My mind drifts over the last few weeks. Since that night at the mosque, I've spent every spare moment researching. I don't know what happened that night but it's like there is this ticking time bomb and I've got to find the truth. It's lit a fire in me to answer all these burning questions, to explain all the feeling I felt. I've visited the mosque a couple of times since and bumped into Yousuf again, so I've been asking him my questions. He answered them as best as he could but introduced me to the Imaam, Omar. Omar was also really nice and patient with me. He sent me home with a copy of the Quran, which I've been reading and everything feels like it's starting to fall in place. I even visited a church and a synagogue but it didn't feel the same as stepping into the mosque. On my way home from volunteering at the shelters, I always find my way to the mosque. It's like my feet have a mind of their own. I go inside and sit in the library corner to read and it's one of the only time I've felt true peace. I'm keeping an open mind and taking it as it goes. I asked about the process of converting, and imaam Omar said that in Islam everyone is born muslim and reverting is not as complicated as it seems. In essence a muslim is someone who believes in one God alone, and that Muhammad pbuh was his final messenger. Everything else is just logistics.

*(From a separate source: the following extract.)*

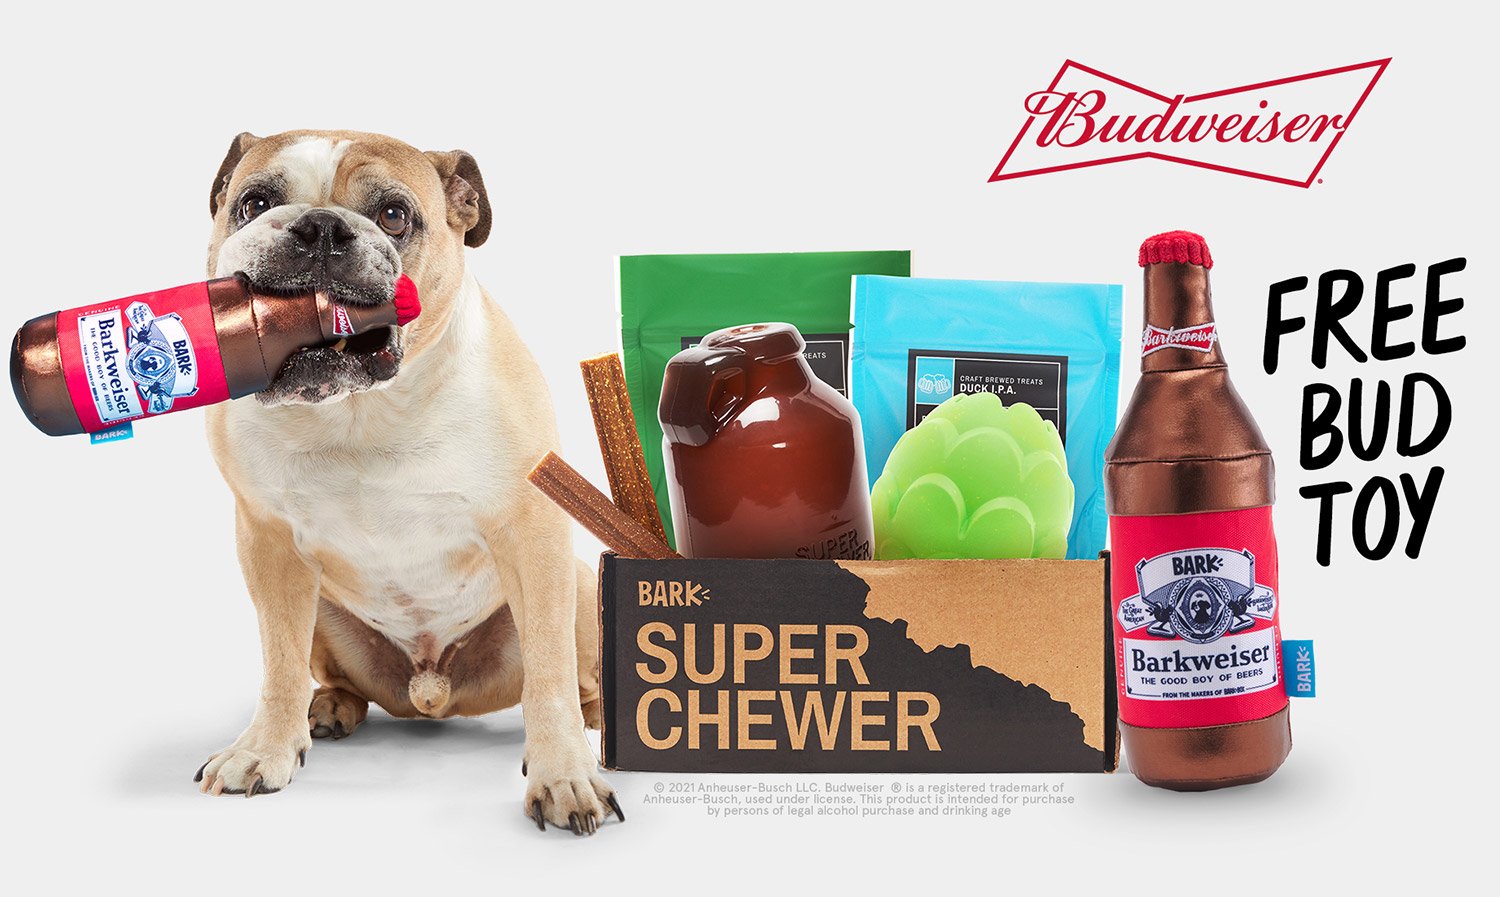 Super Chewer Deal – Free Budweiser Toy with Multi-Month Subscription!
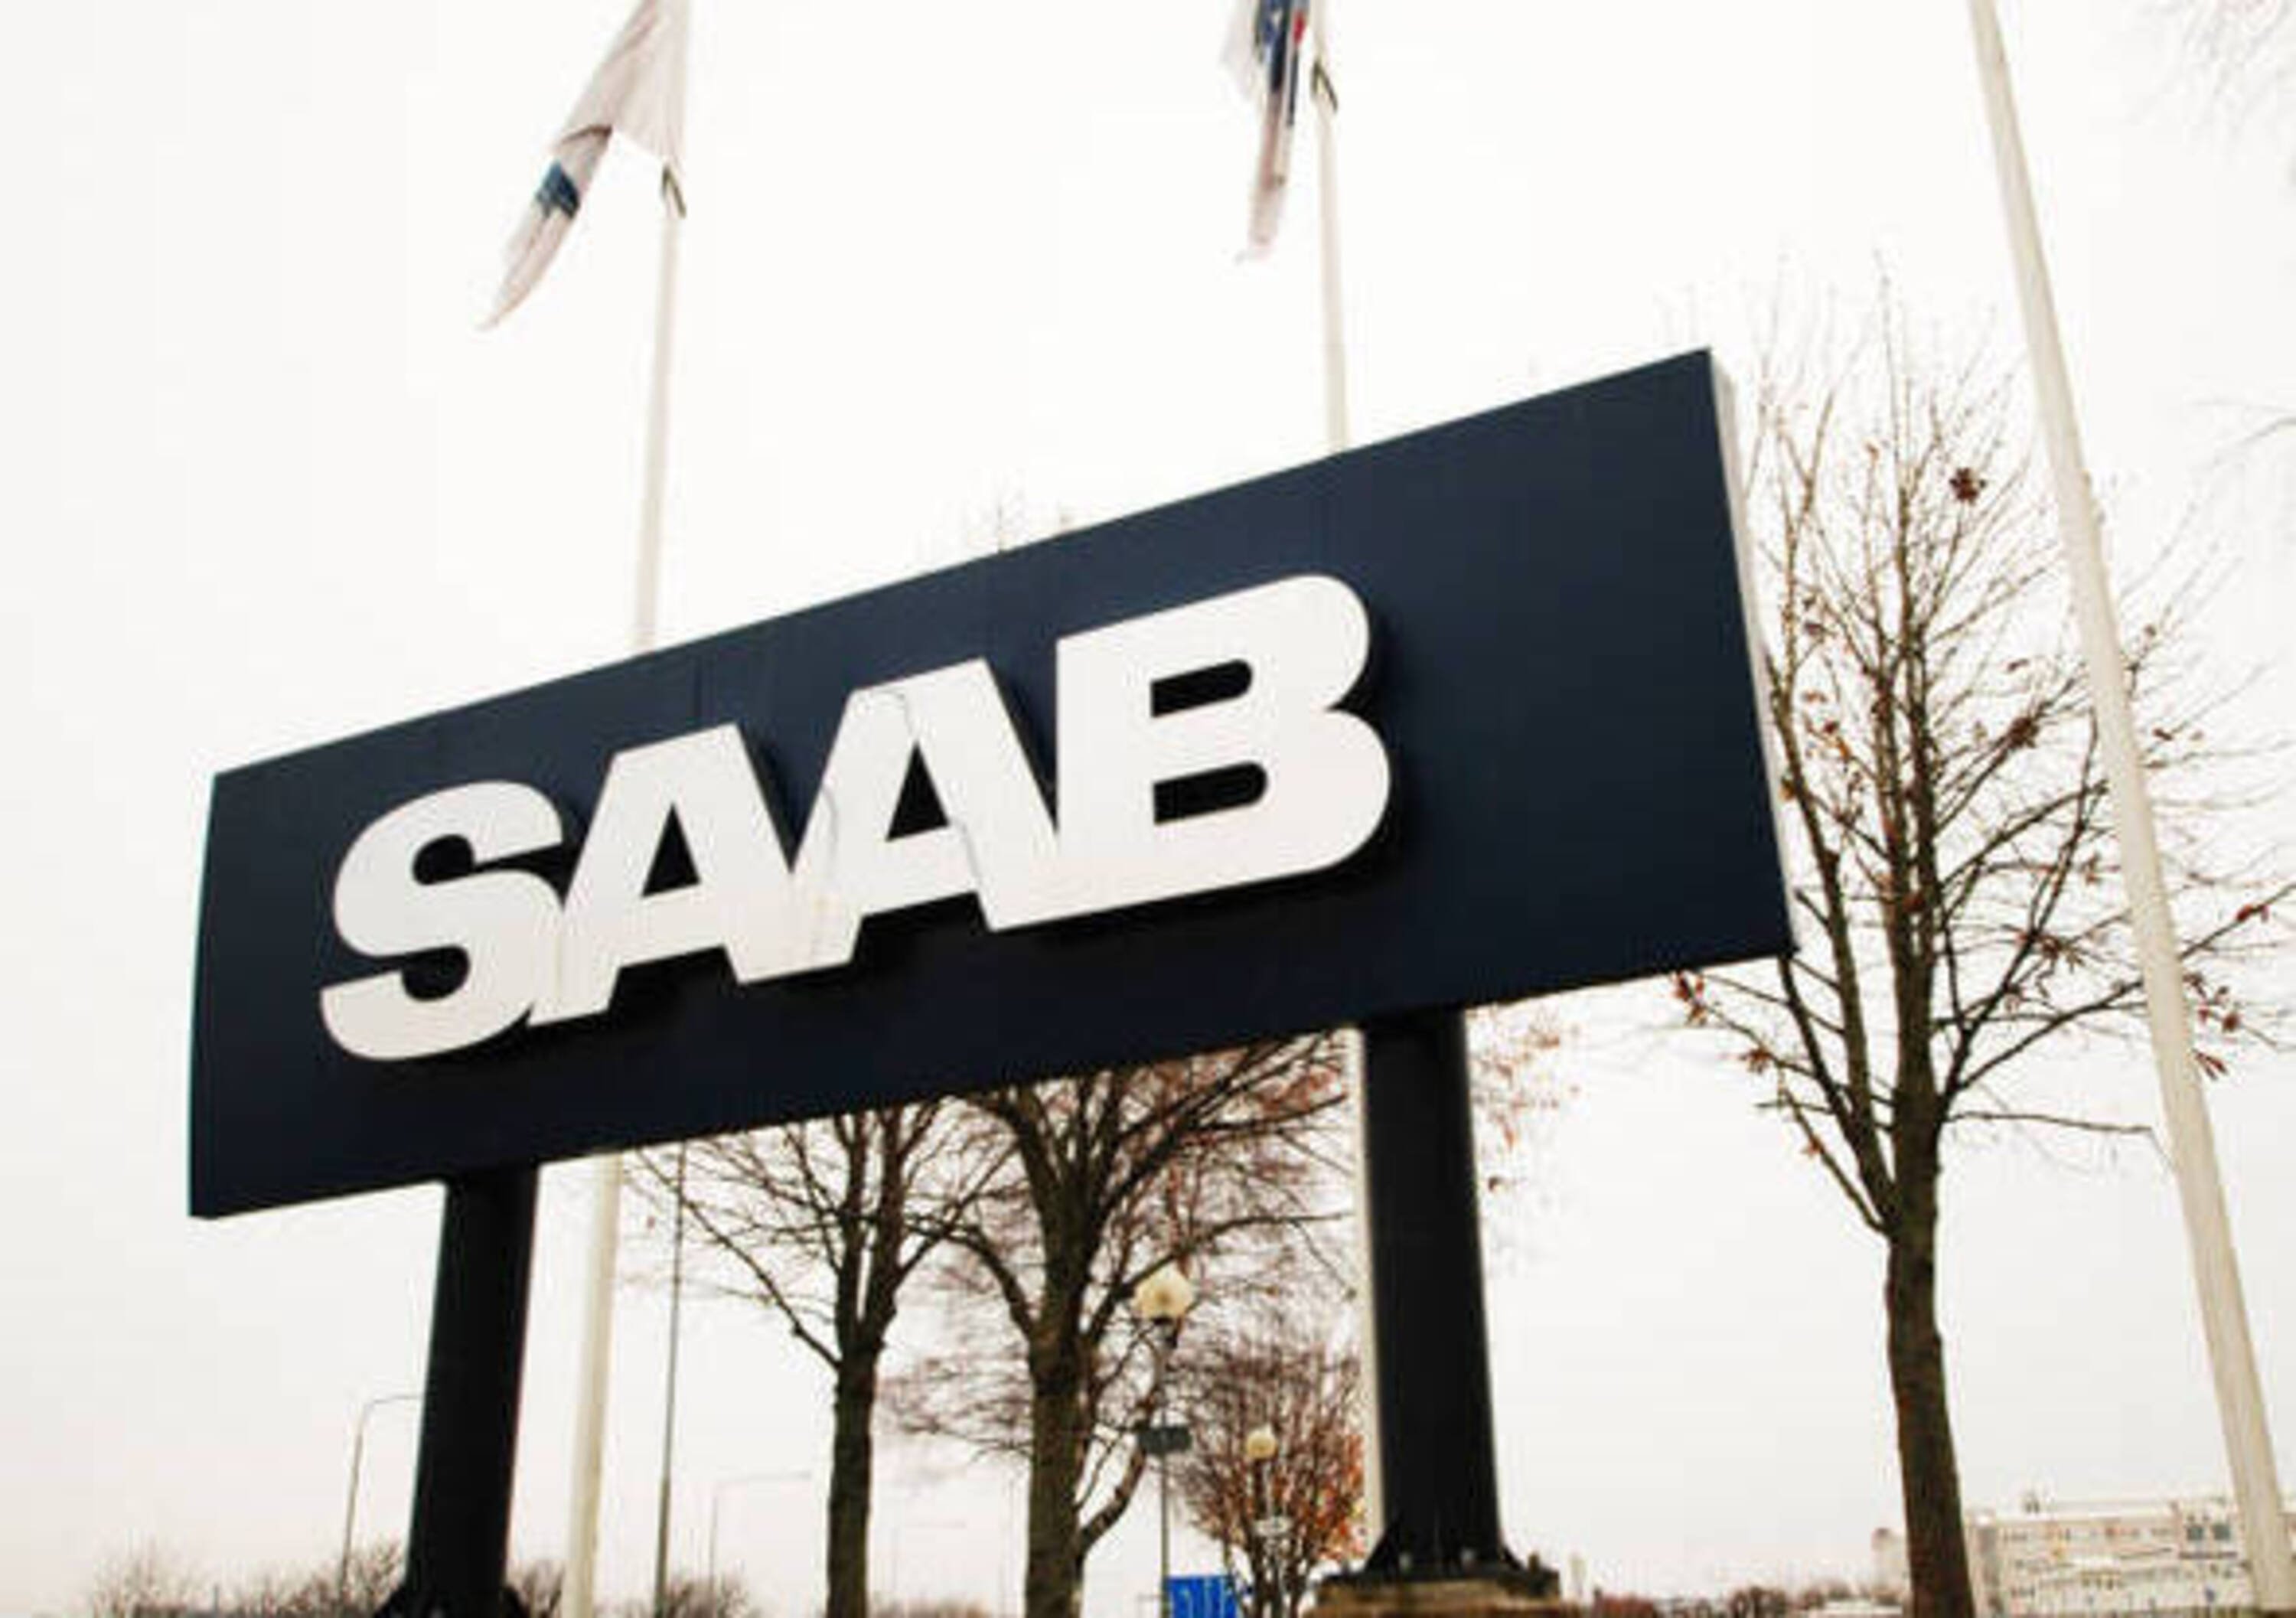 Saab Parts acquisisce societ&agrave; in Europa

I feel like I'm close and it feels like I'm doing the right thing. I follow most of the 'rules' anyway so I wouldn't have to change much. I don't drink, do drugs, gamble, party, entertain women. I've seen what all of those vices can do to people when I lived in social housing during my teen years. And whilst I don't judge my neighbours and roommates for finding happiness in that way, even at the age of fifteen I realised it was all so destructive. In recent years, I have been getting attention from women but I've never seen the point in pursuing something. Whenever I've tried to make a connection, nothing was genuine. In this world it's always about what people can get from you, money, fame, power, position. It's all so shallow. It's weird to think that interactions with a few strangers restored my faith in humanity. It's probably why I was so shocked by it all. Kindness and compassion isn't something I see in my everyday life.